Tom Lee: Why July Could Be a Strong Month for Stocks
Audio Brief
Show transcript
This episode covers Fundstrat Head of Research Tom Lee's market outlook for the second half of the year. There are three key takeaways. First, strong second-quarter earnings will lower valuation multiples. Second, underperforming fund managers will drive aggressive dip-buying. Third, investors should brace for autumn volatility.
Strong corporate earnings are expected to surprise to the upside, making the market fundamentally cheaper even as prices rise. Meanwhile, because only twenty-three percent of active managers are beating their benchmarks, institutional pressure to catch up will support equities through July. However, this summer optimism will face headwinds by September as the market tests the Federal Reserve's inflation framework and navigates rising margin debt.
Ultimately, while near-term momentum remains strong, preparing for a seasonal autumn correction will be critical for the second half.
Episode Overview
- This episode features Tom Lee, Head of Research at Fundstrat, discussing his market outlook for July and the second half of the year.
- Lee explains why July is poised for a strong performance due to upcoming Q2 earnings and active fund managers playing catch-up.
- The discussion covers long-term S&P 500 targets, explaining how valuation multiples support significant upside potential.
- Lee warns of potential market turbulence ("feels like a bear market") between August and October, outlining four specific headwinds investors should watch.
Key Concepts
- Earnings-Driven P/E Compression: Strong corporate earnings (as seen in Q1 and expected in Q2) can actually lower the market's price-to-earnings (P/E) ratio even as stock prices rise, creating room for valuation multiples to expand further.
- Underperformance-Driven Dip Buying: With only 23% of fund managers beating the large-cap growth index (the lowest in nearly five years), there is massive pressure on institutional investors to buy any market dips in July to catch up to their benchmarks.
- The "Feel Like a Bear Market" Phenomenon: A market pullback does not need to hit the technical 20% threshold to feel like a bear market to investors; a sharp 7% decline (similar to the February-April period) can trigger significant anxiety depending on leverage and sentiment.

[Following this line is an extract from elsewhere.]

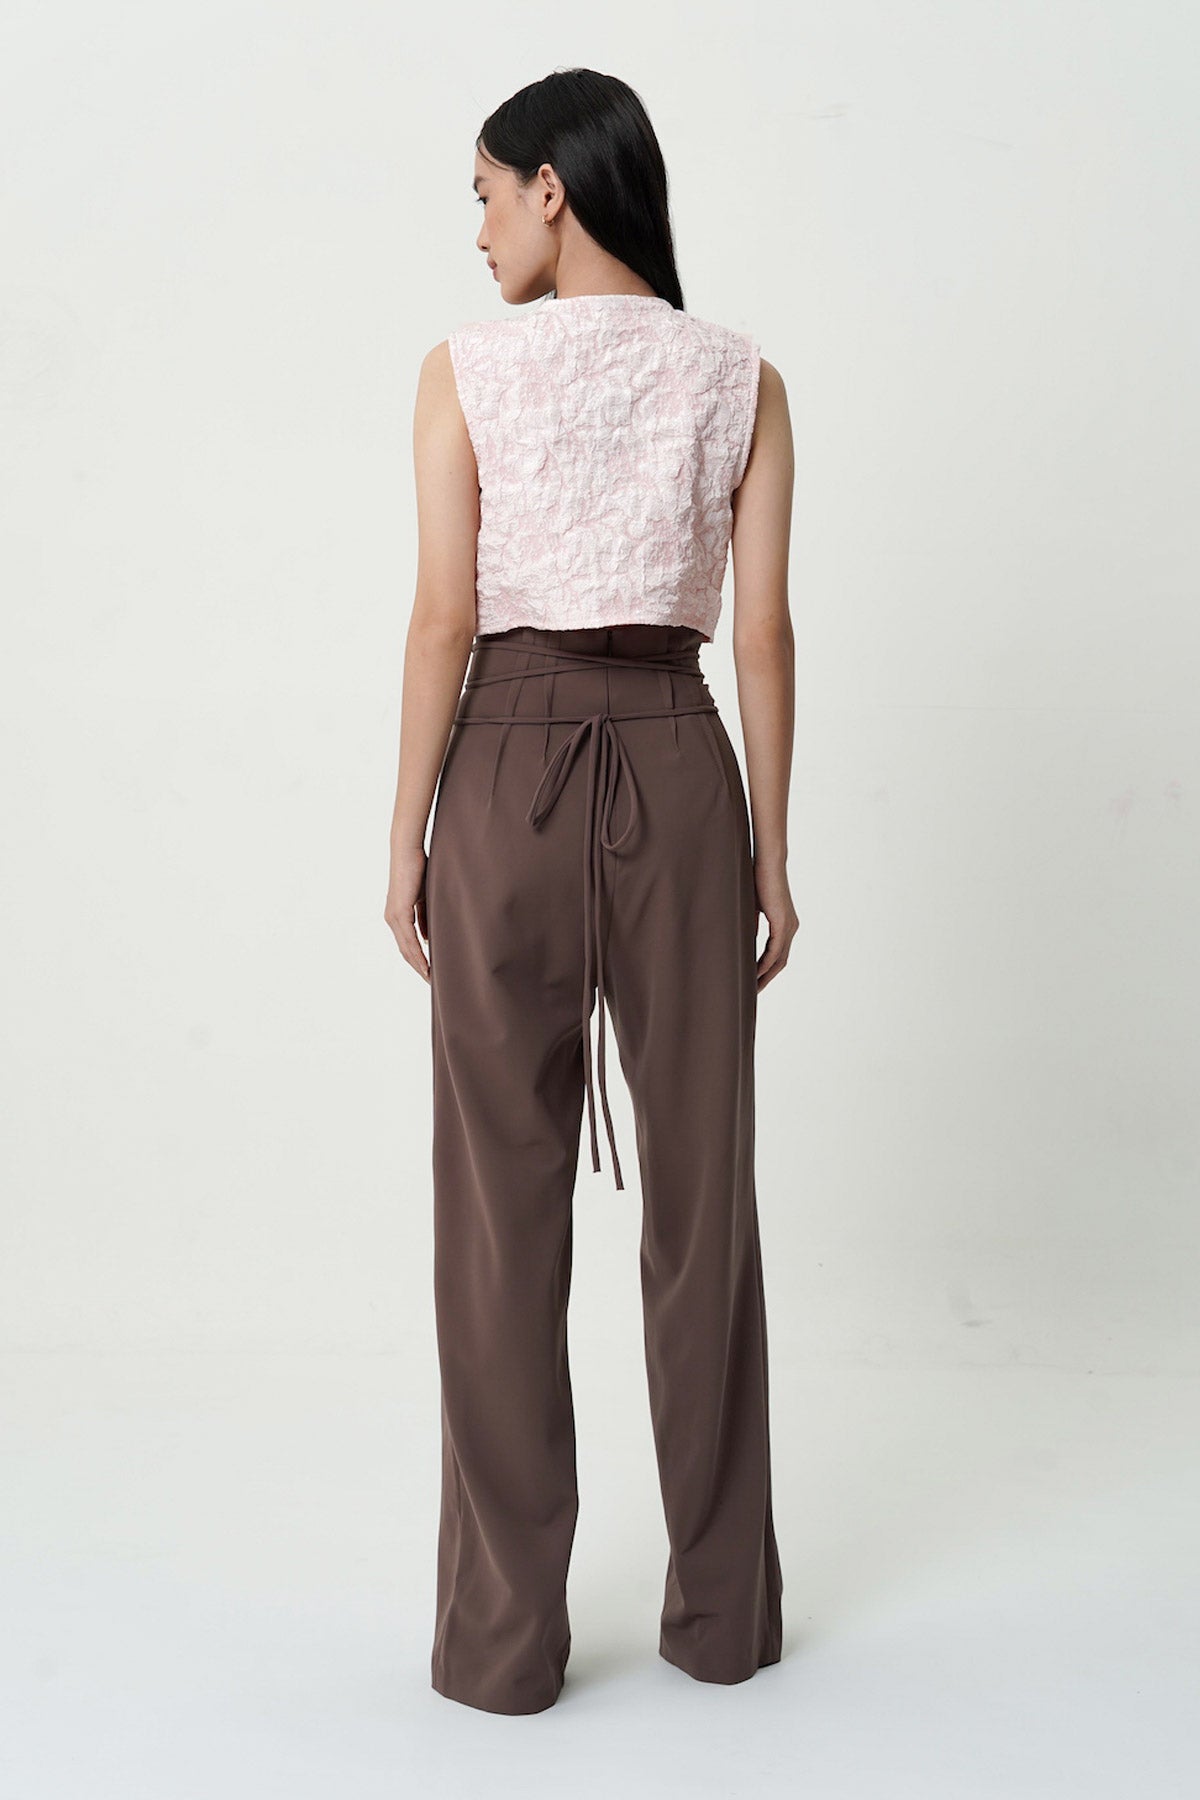 Noreen Pants In Mauve

- H2 Market Headwinds: Four key factors threaten H2 stability: the market testing the Federal Reserve's new policy framework, the gradual unlock of SpaceX shares creating supply, cumulative petroleum product shortages, and elevated margin debt.
Quotes
- At 0:38 - "I think second-quarter earnings are going to surprise to the upside again, so the market's going to get cheaper again, and that means there's room for P/E to expand." - explaining how strong earnings prevent the market from becoming overvalued.
- At 1:34 - "Only 23% of fund managers are beating the large-cap growth index... so I think there's going to be a lot of dip-buying this month." - highlighting the institutional pressure driving market support in July.
- At 2:08 - "Later this year, we have a few things that will test the market... the market is going to test the new Fed, because he has a new framework and a new way to look at inflation." - identifying the monetary policy uncertainty that could trigger autumn volatility.
Takeaways
- Look for buying opportunities in July, as strong institutional underperformance will likely limit deep pullbacks through active dip-buying.
- Prepare for a choppy autumn by monitoring margin debt levels and Federal Reserve communication, which could trigger a "feels-like" bear market correction of 7% or more between August and October.
- Focus on earnings delivery rather than just price action, as rising earnings can make seemingly expensive markets fundamentally cheaper.